En este contexto, la preparación del caldo y su representación cabría entenderlas como parte del proceso por el que se acentuó la diferencia constitutiva entre lo humano y lo animal —la extrañeza de saberse a un tiempo familiar y otro en medio de ese reino—, no sólo por el salto inconmensurable de lo crudo a lo cocido, sino por llevar el dominio del fuego a niveles de sofisticación sin precedentes, que permitieron extraer, incluso de los mismos huesos, la médula y la sustancia.

Todavía hoy, en algunas regiones de Oaxaca y Veracruz, se elabora el tradicional caldo de piedra, un platillo colectivo en honor a las mujeres, que —aseguran— data de tiempos prehispánicos. Se conserva la receta típica de los indígenas chinantecos en torno al cuenco natural de una roca, que le confiere su sabor mineral característico, pero también se han adoptado otros recipientes, como las jícaras, los molcajetes y los agujeros tapizados de hierbas en el lecho del río. Al agua se agrega la base de verduras frescas en rodajas o machacadas: jitomate, chile, cebolla, ajo, hierba santa, epazote. Entonces se depositan las piedras al rojo vivo y la ebullición es casi instantánea. Con las verduras en cocción, se añaden camarones, jaibas o pescado hasta que, en cuestión de minutos, el caldo tome cuerpo y espesor.

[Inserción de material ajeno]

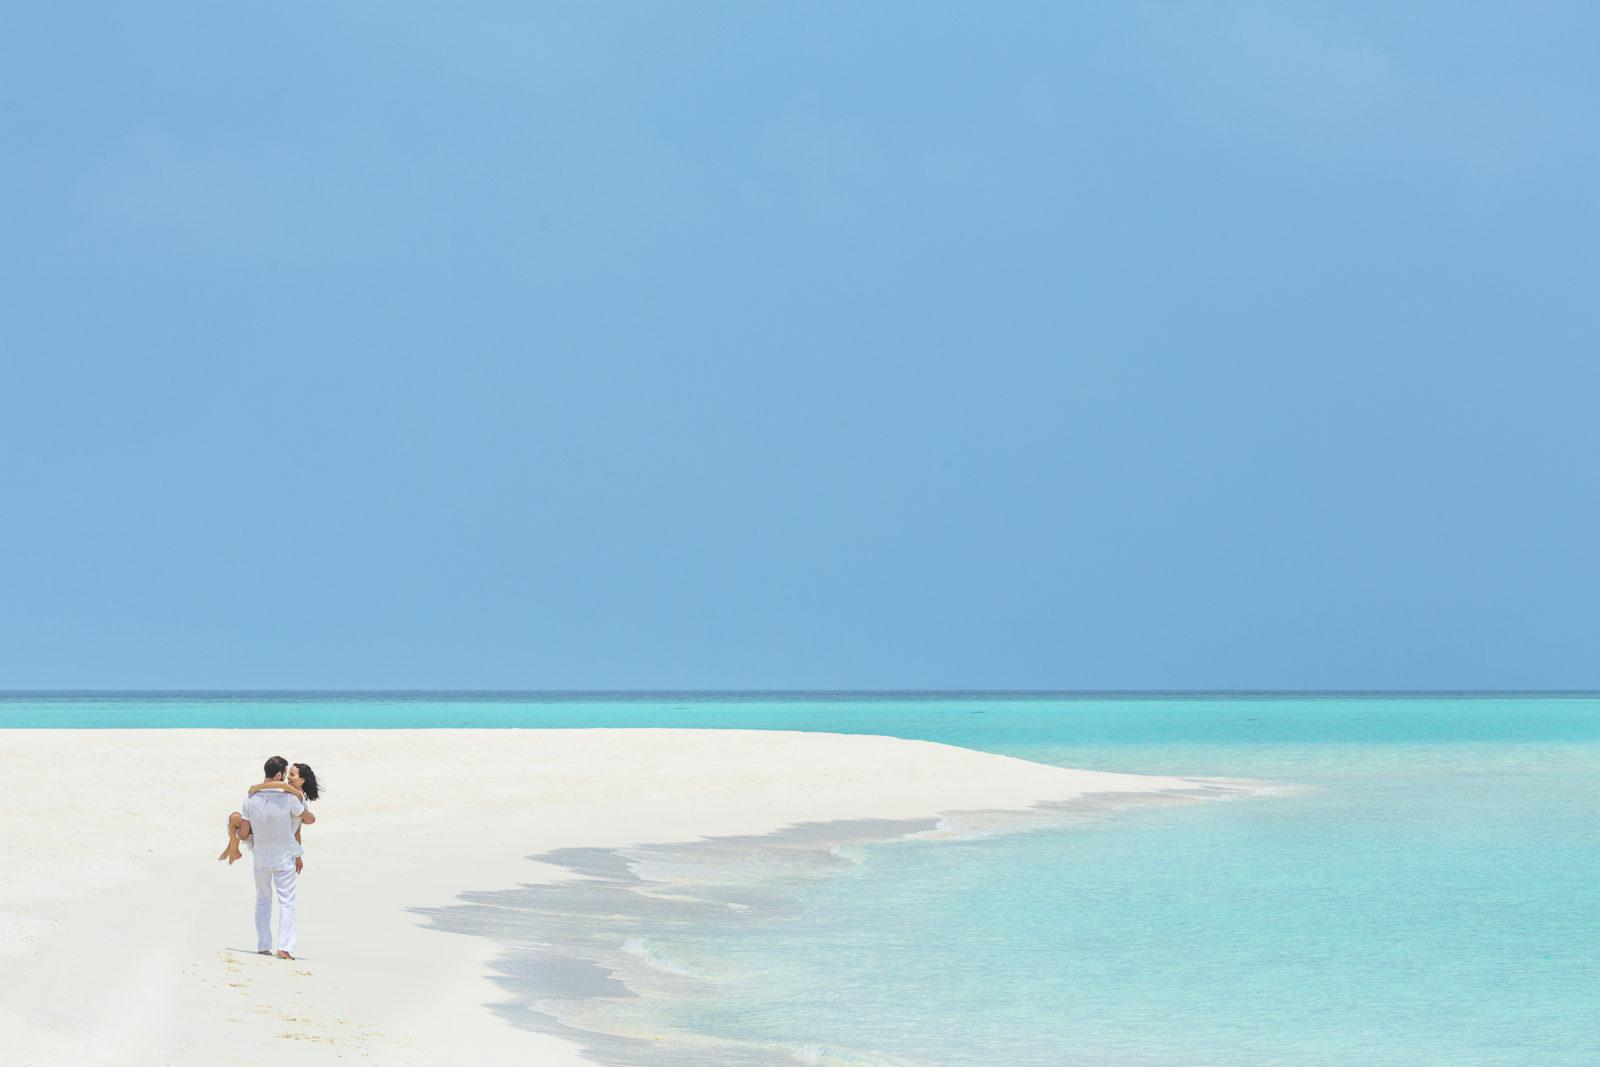 フラワリ・アイランド 白いラグーンと青い海に囲まれてフォトシューティング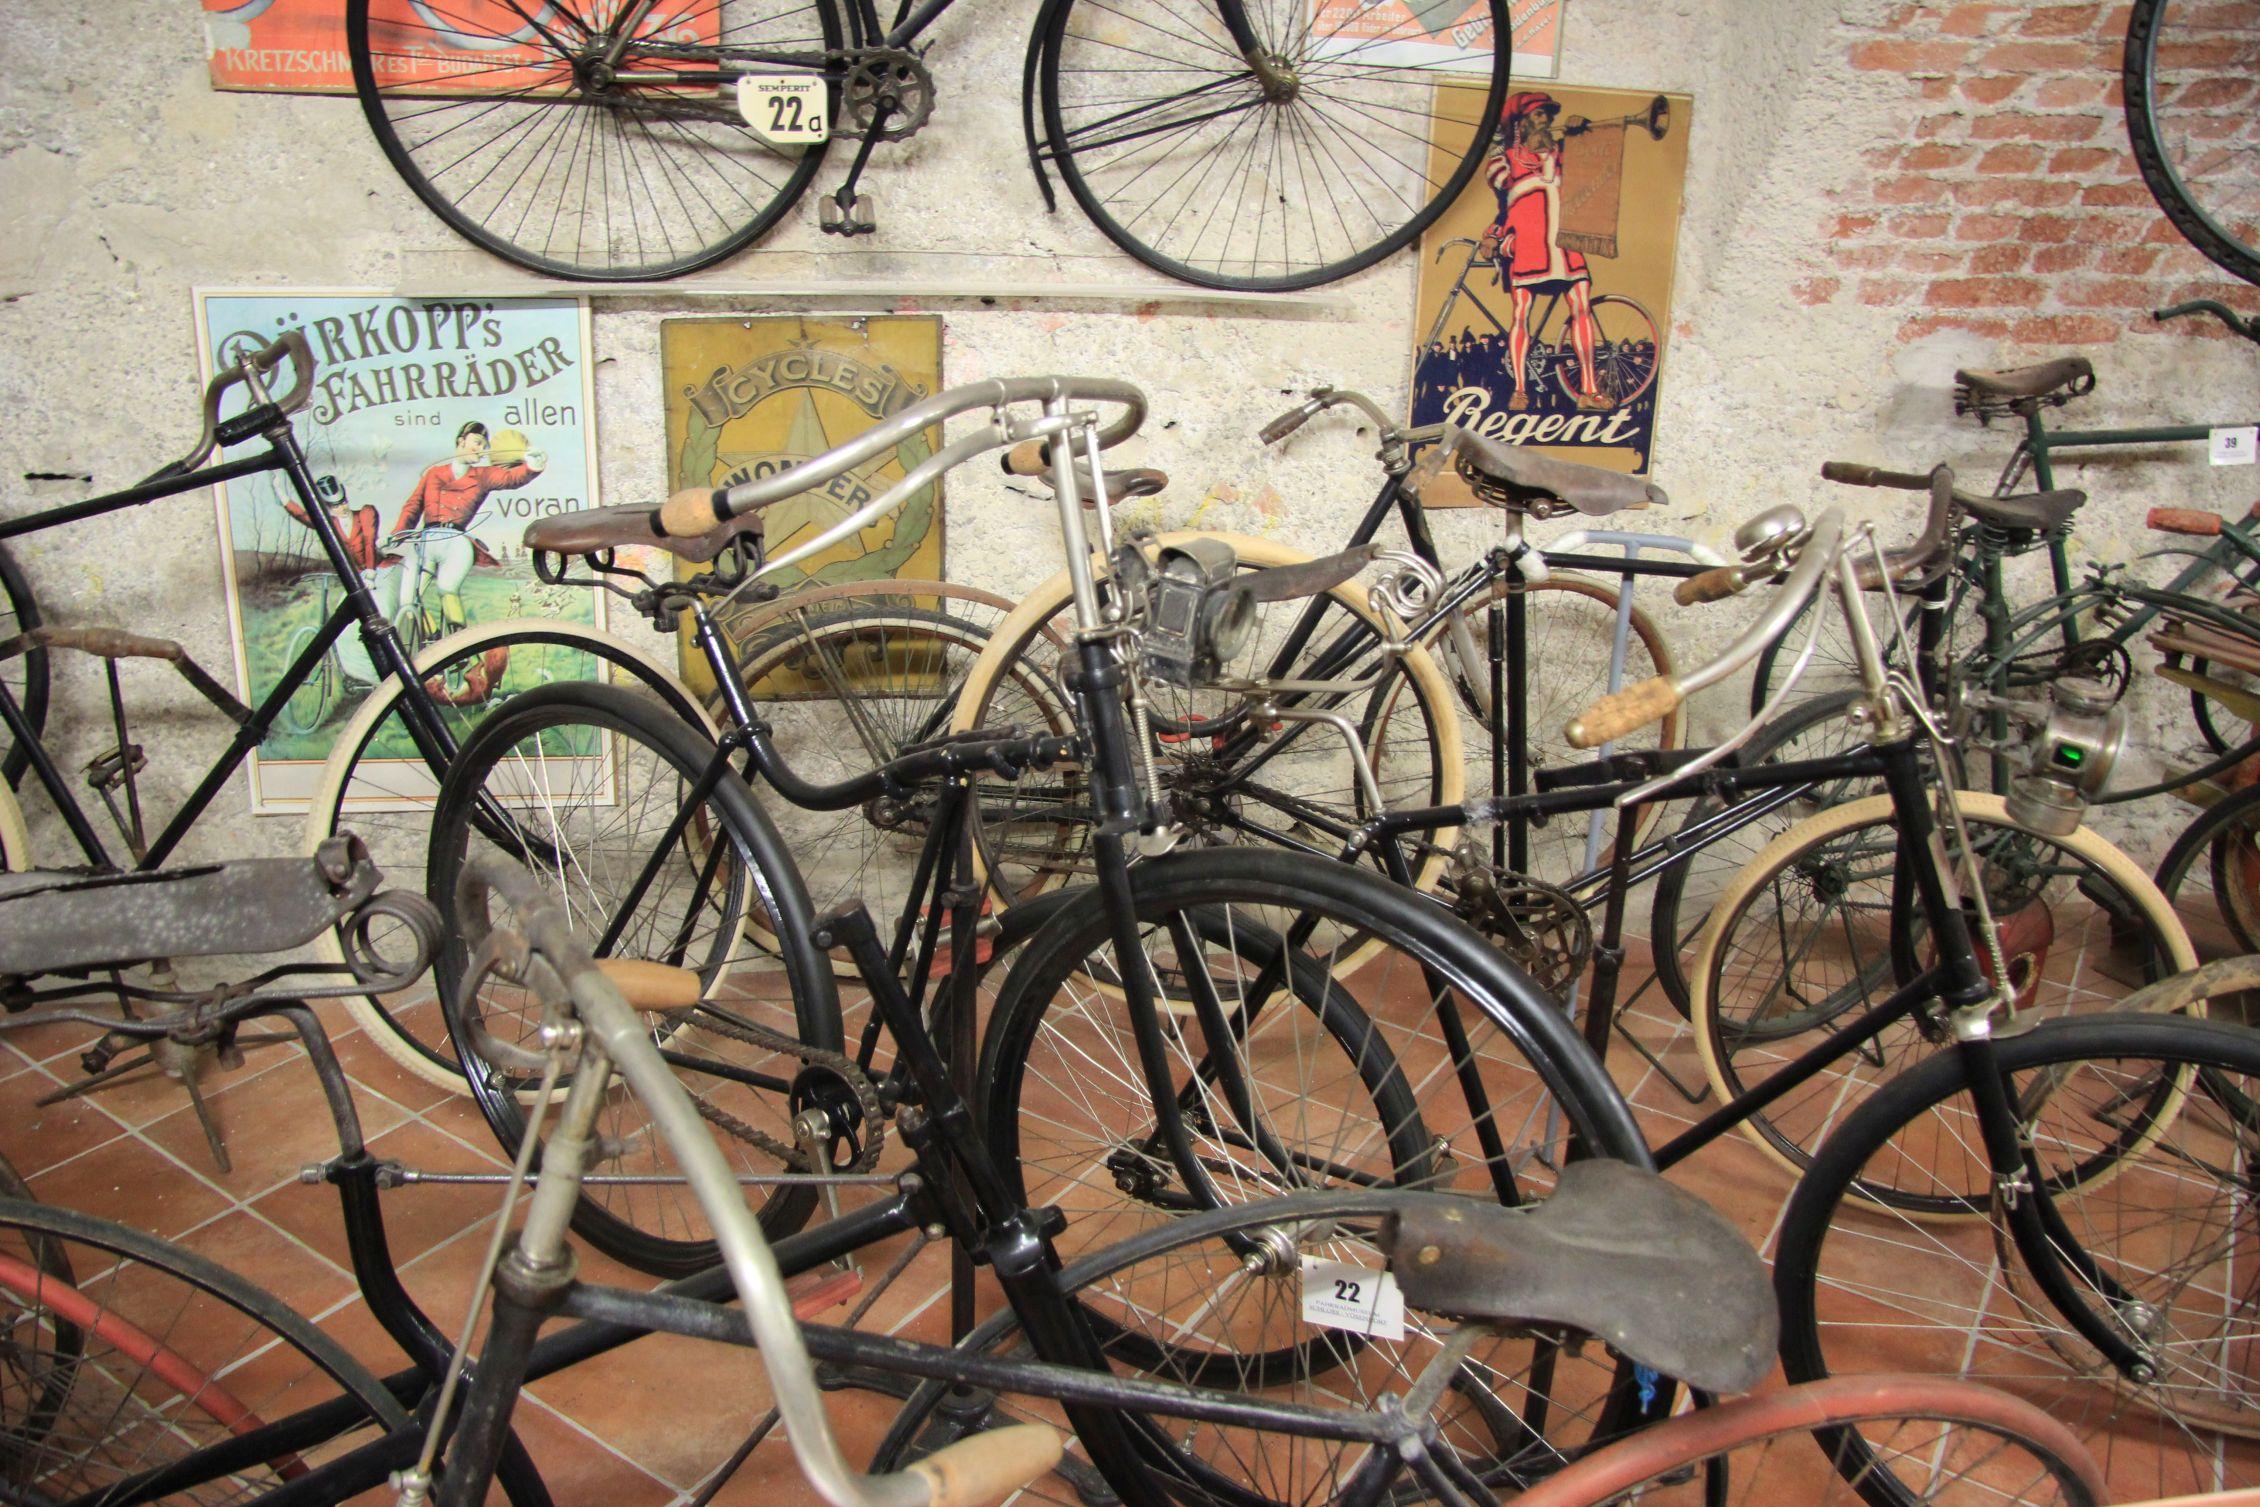 Fahrradmuseum_Vösendorf_8179

Éste es también es primordial en el sentido de que sirve de base a otros platillos, algunos contiguos y emparentados, como la sopa o el consomé; otros más distantes y sin traza de su origen líquido, como arroces y paellas. A ese fundamento se le denomina fondo y los hay oscuros y claros (con carne roja o blanca) o gordos y magros (con o sin grasa). El dicho popular de hacerle el caldo gordo a alguien significa halagarlo o favorecerlo interesadamente, y deriva de la tradición de convidar a gruesas y mantecosas comilonas con potajes rebosantes de carne —y no de espinas o ejotes enjutos.

Entre las inconfundibles latas de sopa Campbell’s que Andy Warhol pintó durante los años 60 hay al menos un par que son abiertamente caldos y no sopas: la de Caldo escocés (Scotch Broth) y la de Caldo de res (Beef Broth o Bouillon). Se trata de artículos de consumo en los que se combina un empaque llamativo y un halo de familiaridad y hasta de ordinariez, producidos en serie y retrabajados artísticamente también en serie, con técnicas mecanizadas a partir de las cuales el énfasis se desplaza del objeto como motivo hacia su representación repetida, monótona y fría.

En la historia del arte occidental puede seguirse un hilo secreto que va del caldo de piedra de las cavernas al caldo enlatado de los supermercados, un hilo a través del cual, en conservas con etiquetas vistosas en rojo y blanco, se completa el ocultamiento de nuestra condición carnívora y depredadora, al mismo tiempo que, al exponer su representación en las paredes del museo, se la celebra y rinde homenaje, así sea de manera oblicua. En la estela del libro de Clayton Eshleman cabría argüir que ese hilo que empieza en el caldo paleolítico y llega a las serigrafías pop no es otro que el de la larga caída del ser humano para ocupar su lugar único y problemático en el mundo.